この影は、当然ながら光源の回転などの設定とリンクしており、影の落ちる角度は光源の回転や高さで変更することが可能です。

●Revolve(回転体)

3Dパネルにある「回転」は、これまでのIllustratorにもある「回転体」となり、垂直軸で1回転させて立体を形成するため、2D視で見た際、その立体の半分の形状をパスで作成した上で、Revolve(回転体)を選択します。

オフアクシス法やアイソメトリック法による視点の選択は従来通りとなりますが、現時点ではcoming Soonのパースペクティブという機能も確認できます。

●オンキャンバスコントロール

また、操作面における新機能となりますが、Extrude(押し出し)も、Revolve(回転体)もそうですが、3Dを適用したオブジェクトにバウンディングボックスのようなオンキャンバスコントロールが追加され、このコントロールを直接ドラッグすると、立体の角度をマウス操作でできるようになっています。

●マテリアルパネル

ウインドウメニュー > マテリアルパネル、を選択すると、3Dに適用できるマテリアルが表示されるため、適用したいマテリアルを3Dオブジェクトにドロップすると、マテリアルを適用することが可能になっています。


マテリアルパネルを見ての通りのクオリティとなりますが、おそらくSubstanceと連携してこれらのマテリアルを取り込むことが可能になるのではないかと思っています。

●分割・拡張

今回の3Dで適用されるマテリアルや、シャドウ部分などはすべて、アピアランスの分割・拡張を行うと、パスではなく埋め込み画像に変換されます。

分割拡張した後、埋め込みを解除し、画像を抽出したものをPhotoshopで確認すると、300dpi相当の画像になっているのが確認できます。

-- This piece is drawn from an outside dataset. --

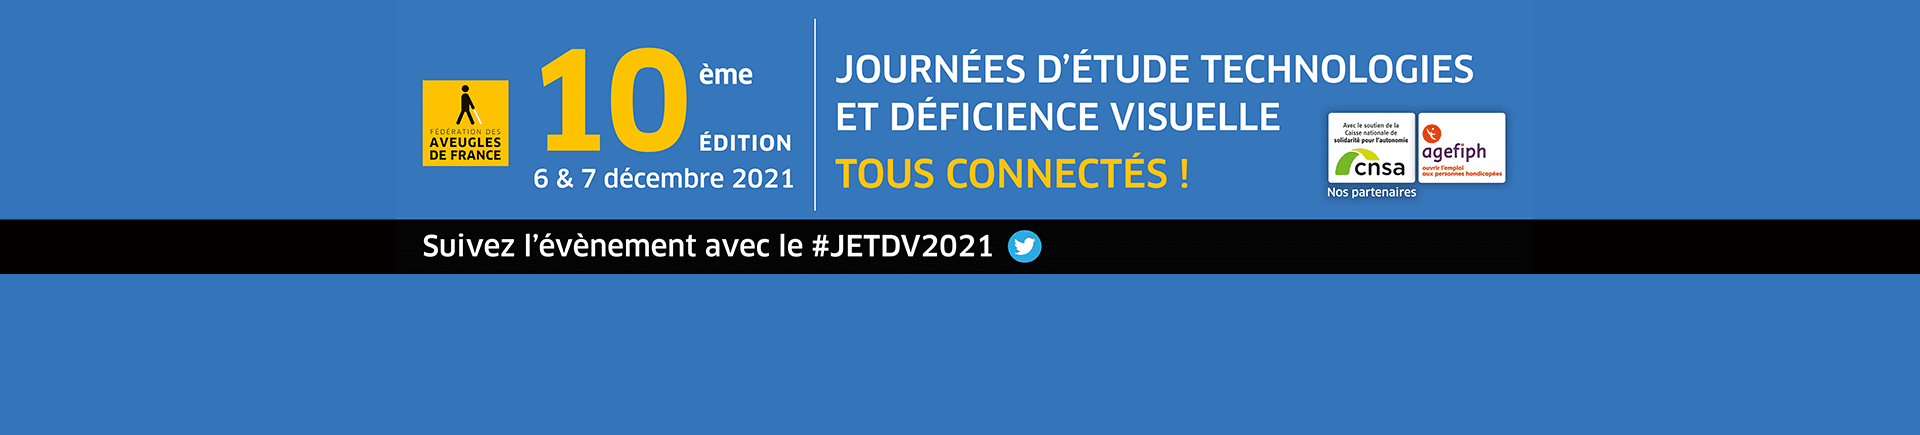 10ème édition des Journées technologie et déficience visuelle, avec le soutien de la CNSA et AGEFIPH, suivez l'événement avec le #JETDV2021

それにしても、とうとうここまで来たか、、という機能がIllustratorに搭載されようとしているのがこの3Dの機能で垣間見れますが、おそらくSubstanceのパラメトリックテクスチャリングを使用しているのではないかと思うくらい、とにかくマテリアルを使っても、立体に影を落としても非常に操作が軽く、軽快に動作します。
こういったマテリアルを使った3Dオブジェクトの表現は、PhotoshopやAfterEffects+Cinema 4dなどでは当然可能ではありますが、Illustratorだけでできるとなると、今後この機能を使ってロゴやタイトル作成を行う機会も増えてくるかと思いますので、興味のある方はぜひダウンロードして使ってみてください。